Quantum circuit obfuscation underpins several advanced cryptographic and software security tasks:

  • Quantum software IP protection: Randomized conjugation and barrier insertion conceal gate-level structure, with empirical results showing high semantic accuracy and resistance to reverse engineering on standard algorithmic benchmarks (Parayil et al., 22 Dec 2025).
  • Blind and delegated quantum computation: Publicly-verifiable QFHE-based obfuscators enable succinct, blind, non-interactive verification of BQP computations by classical clients, with the first such protocols supporting blindness and public verifiability (Bartusek et al., 9 Oct 2025).
  • Quantum cryptography primitives: Indistinguishability obfuscation (even for null or pseudo-deterministic circuits) facilitates witness encryption for QMA, publicly-verifiable zero-knowledge protocols, and attribute-based encryption for BQP (Bartusek et al., 2021).

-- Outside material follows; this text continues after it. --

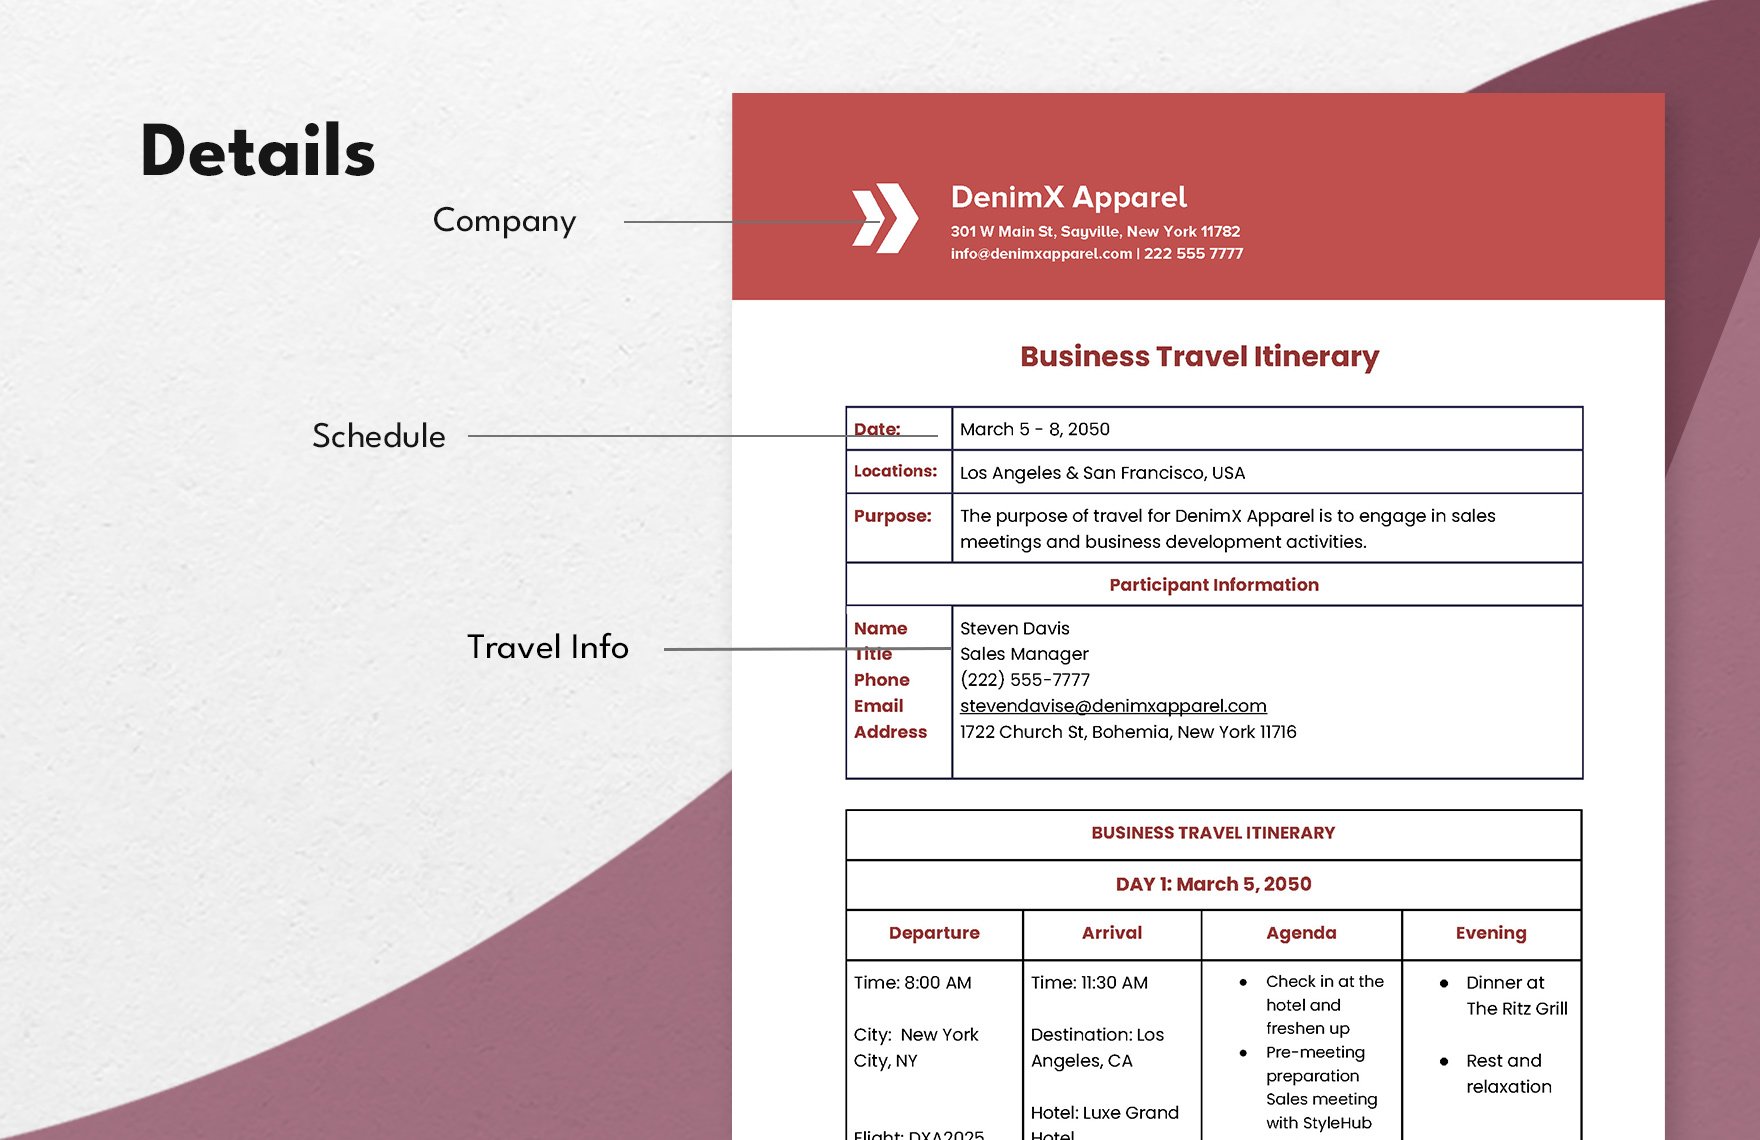 Professional Business Travel Itinerary Template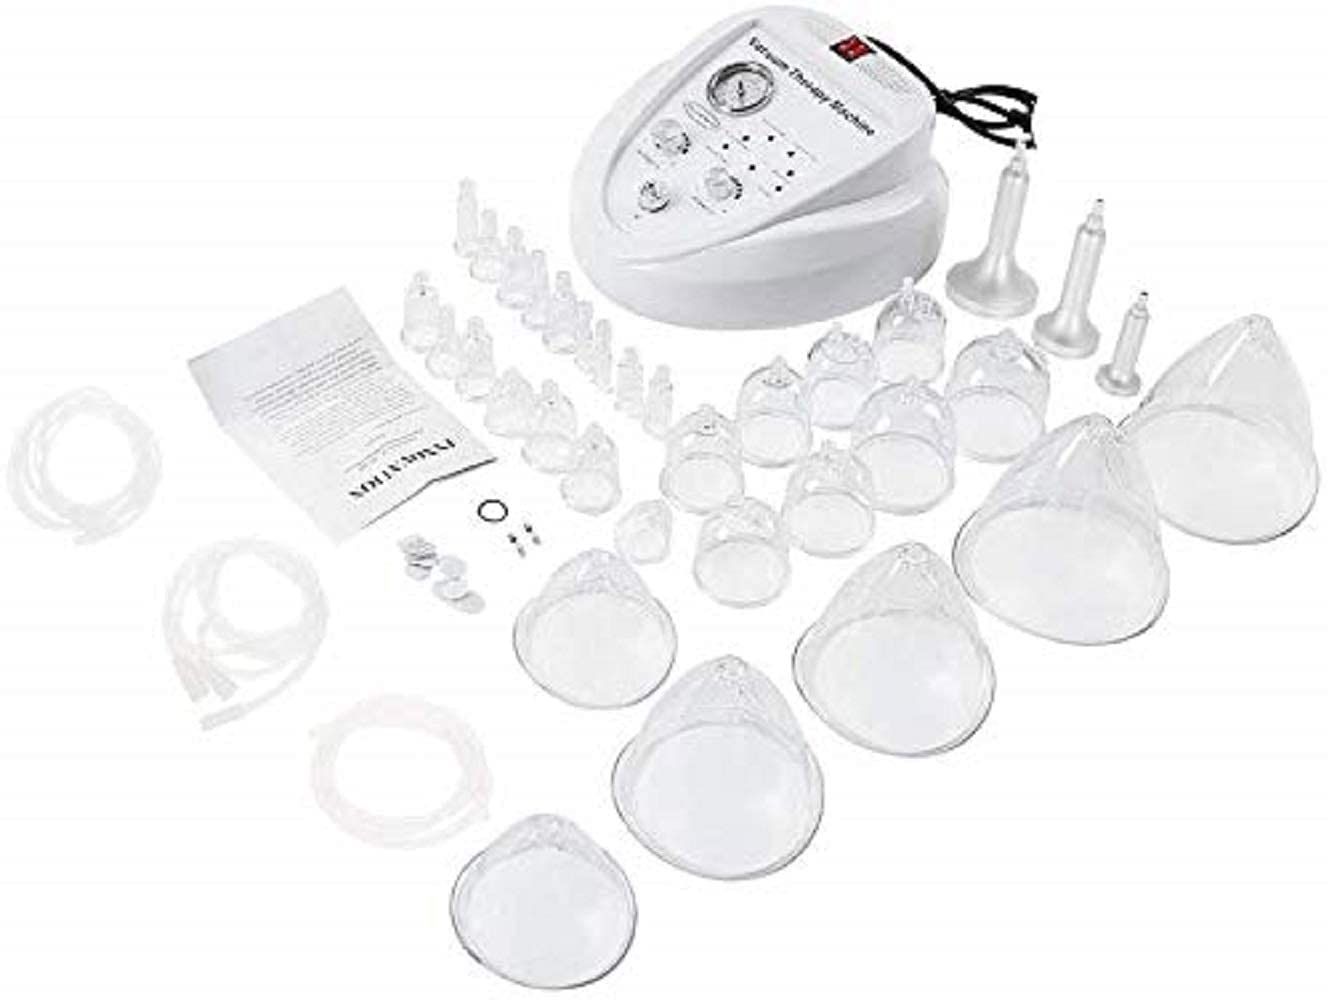 Brand New Vacuum Therapy Machine, Unsvorns BBL Vacuum Cupping Massager with 24 Vacuum Cups

  • Compiler/hardware privacy: In cloud or multi-tenant contexts, dummy-gate strategies, cover traffic via t-designs, and hardware-level pulse obfuscation (including decoy-pulse schemes) further mitigate circuit and data leakage at both software and physical layers (Trochatos et al., 2023, Punch et al., 31 Aug 2025).

Continued progress in quantum circuit obfuscation, both in foundational models and practical instantiations, is essential for scalable, secure quantum software deployment, cryptographic innovation, and long-term realization of secure, delegated quantum computation.